» **WHAT IS EXPECTED**:
With the pictures omitted, print exactly the lines below, from the one containing "Ejecutivos de Hyundai" through the one containing "DB Schenker warehouse, Cologne, Allemagne.", and nothing else.

[Extracted records]
*-*-*

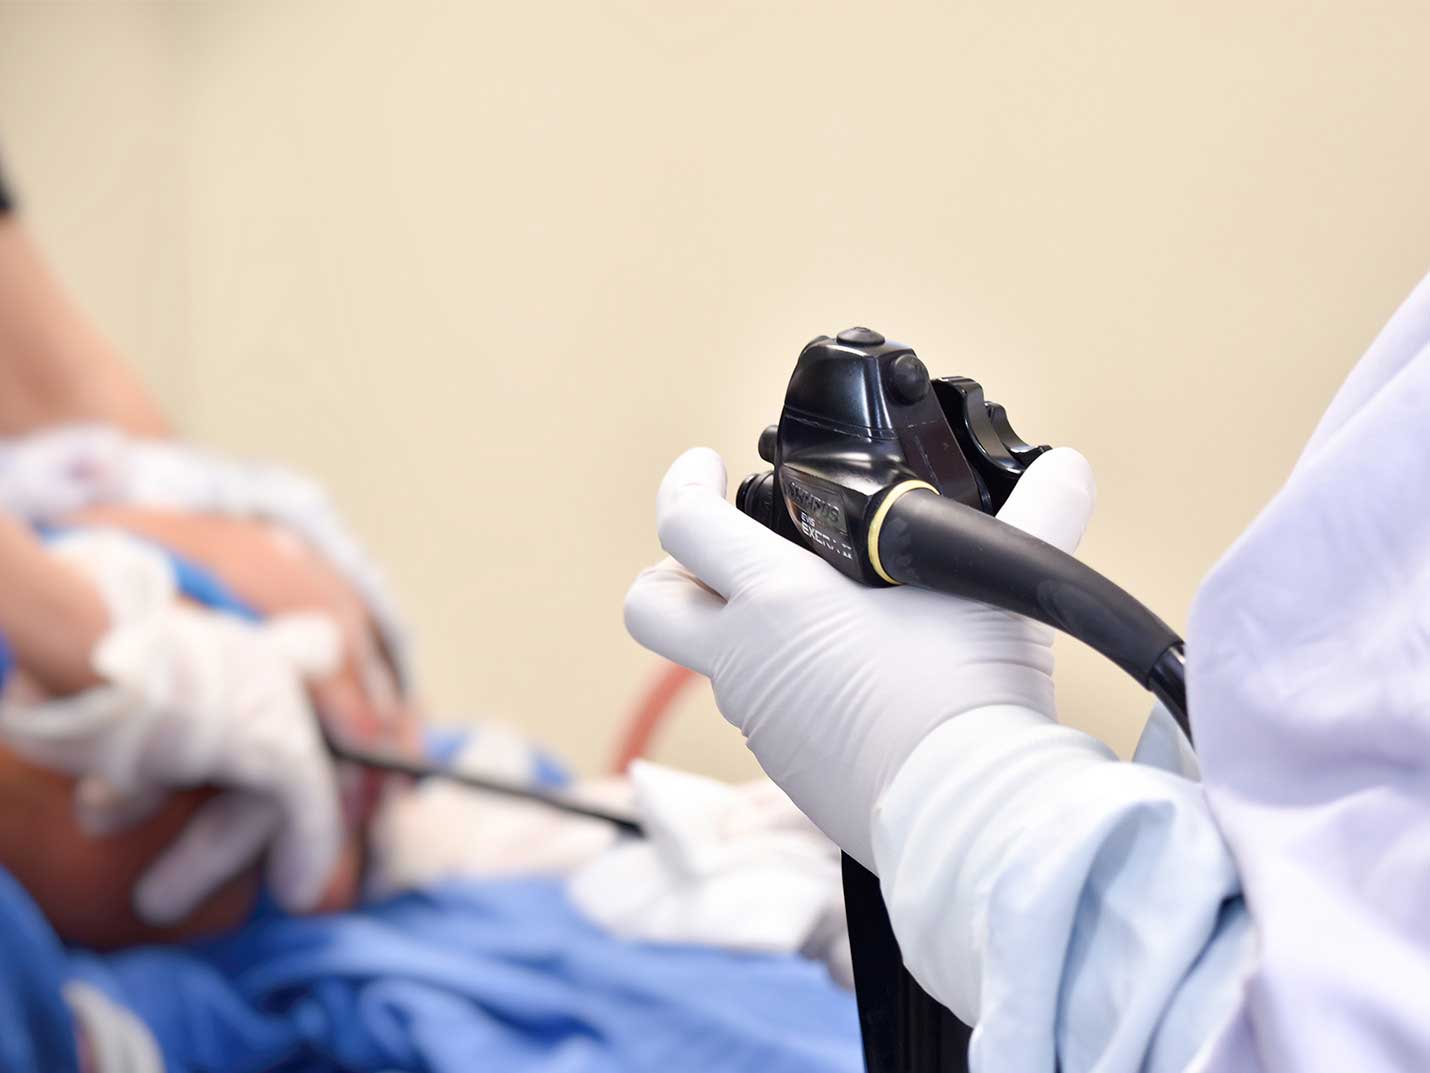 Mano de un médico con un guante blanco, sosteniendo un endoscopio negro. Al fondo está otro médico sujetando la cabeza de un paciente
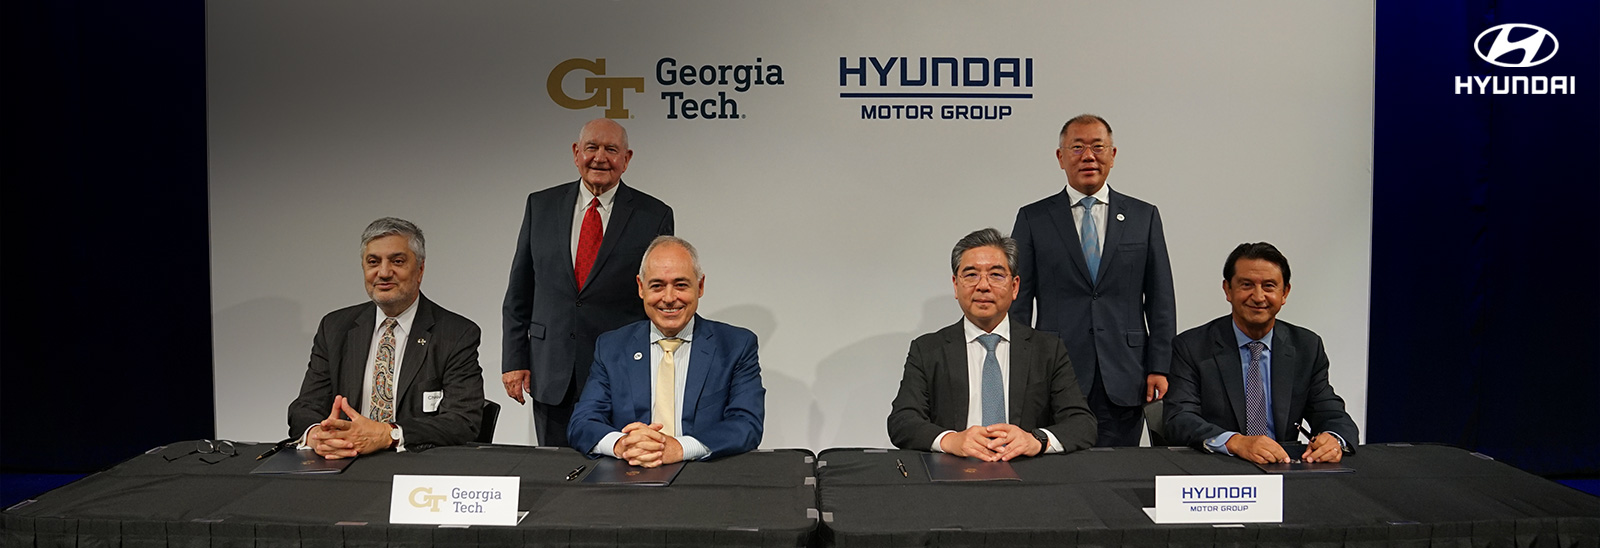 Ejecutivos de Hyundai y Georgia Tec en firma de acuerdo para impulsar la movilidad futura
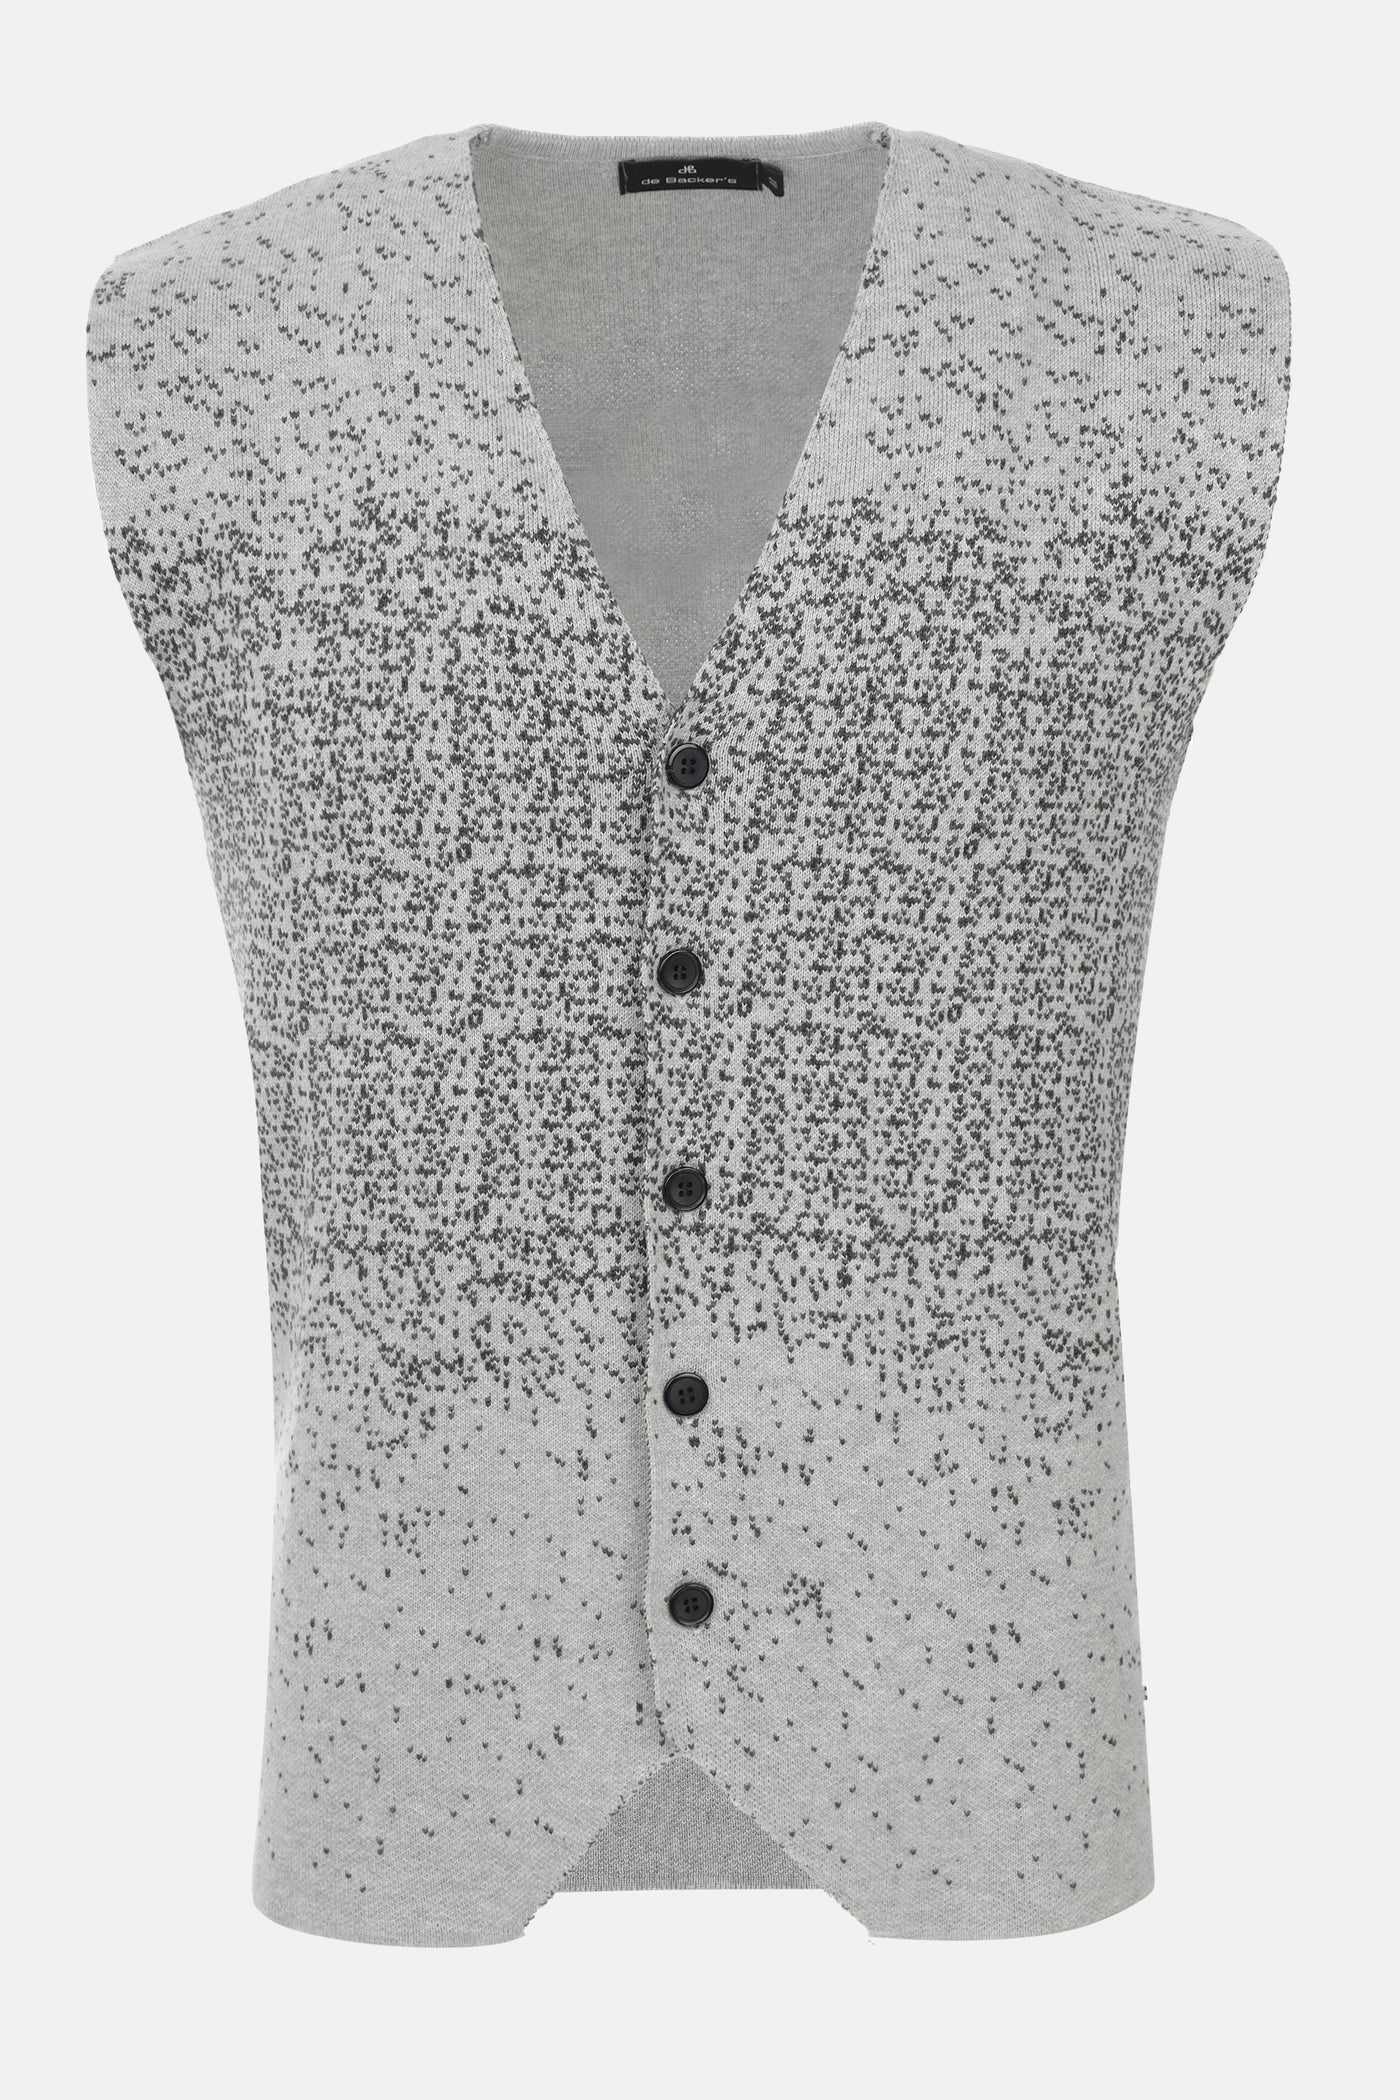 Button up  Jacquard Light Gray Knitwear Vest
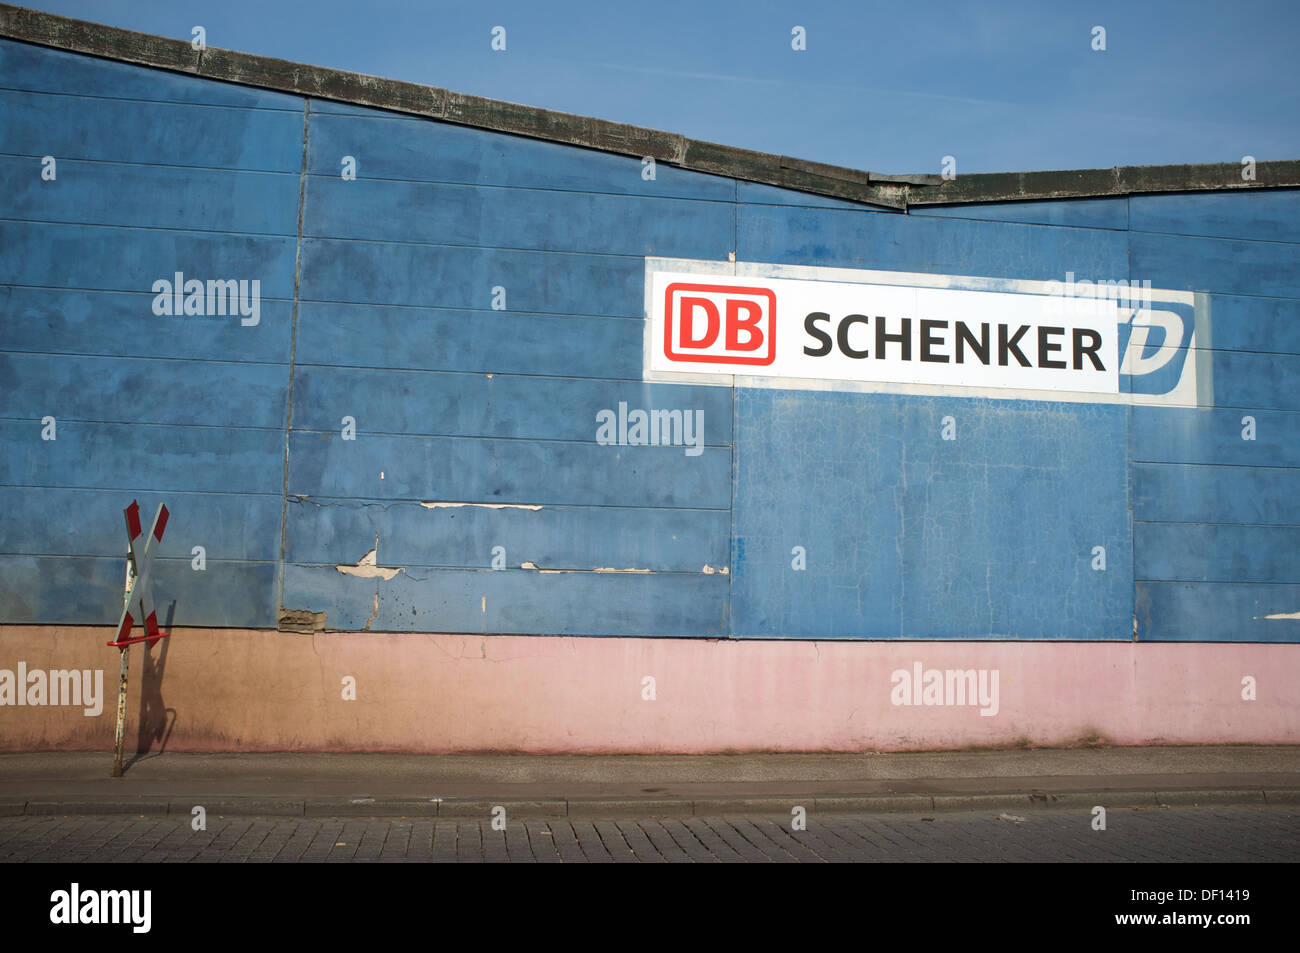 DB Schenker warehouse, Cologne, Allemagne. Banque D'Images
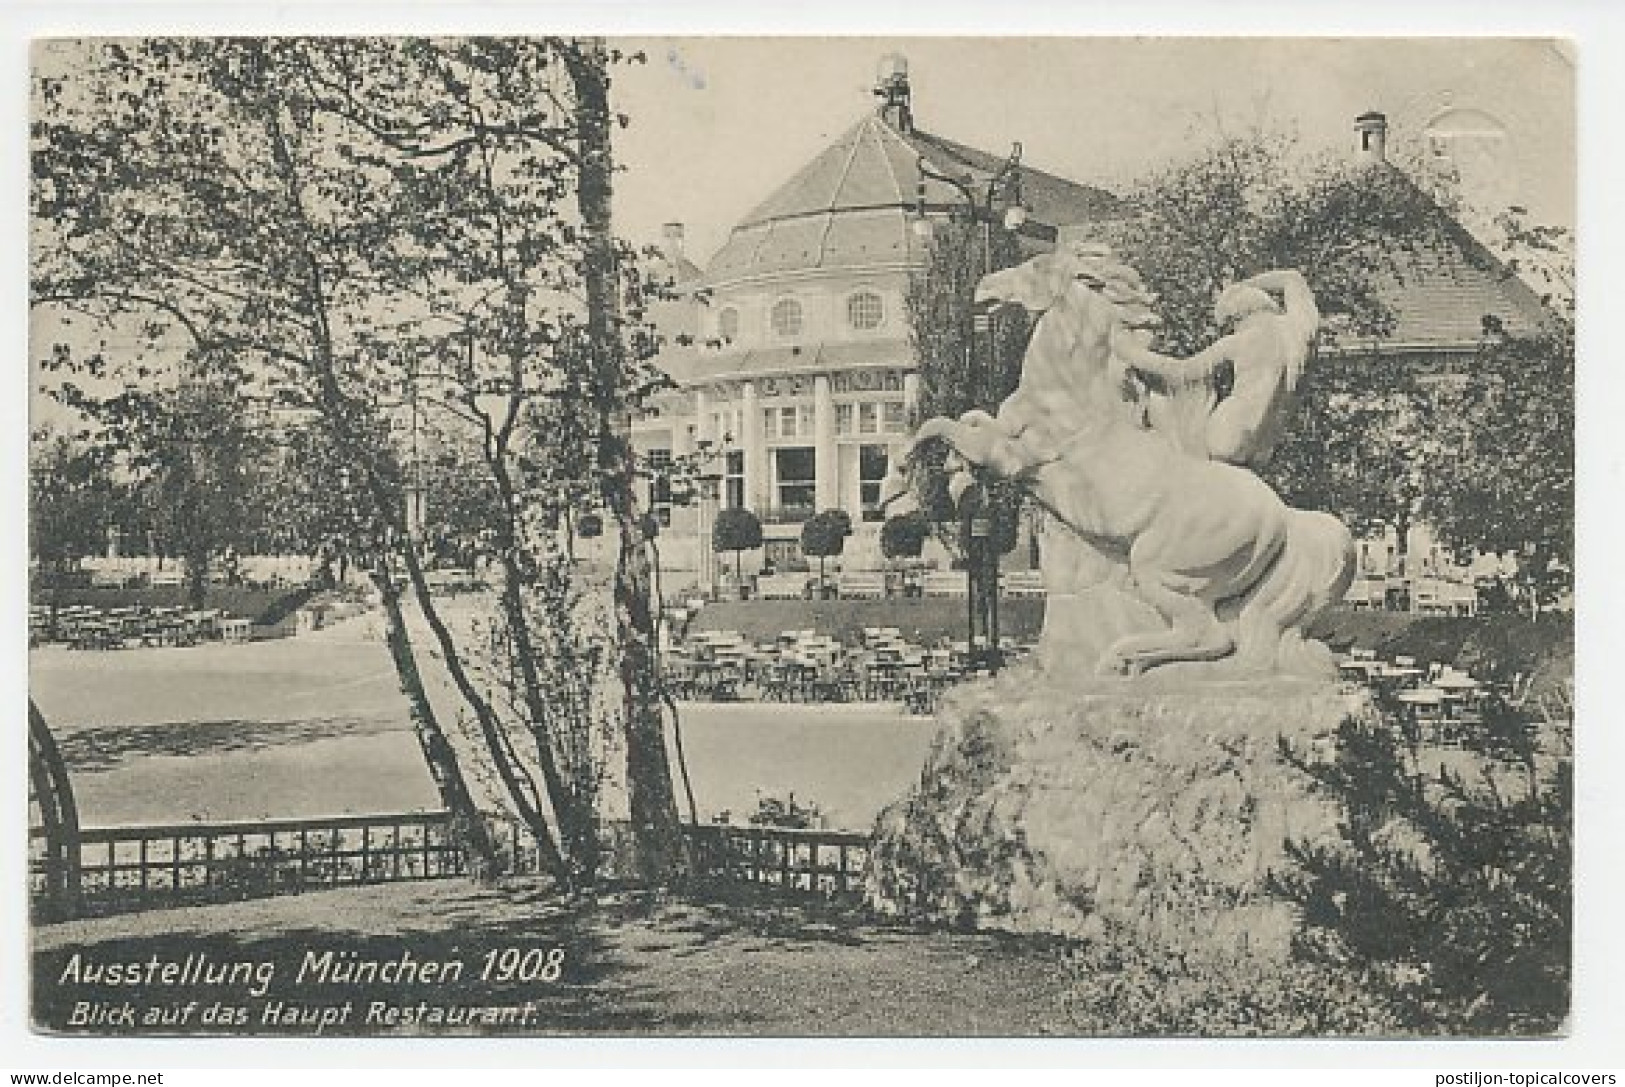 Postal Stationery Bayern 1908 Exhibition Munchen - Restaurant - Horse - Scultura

*-*-*

» **REPLY**:
 Ejecutivos de Hyundai y Georgia Tec en firma de acuerdo para impulsar la movilidad futura
 Button up  Jacquard Light Gray Knitwear Vest
 DB Schenker warehouse, Cologne, Allemagne. Banque D'Images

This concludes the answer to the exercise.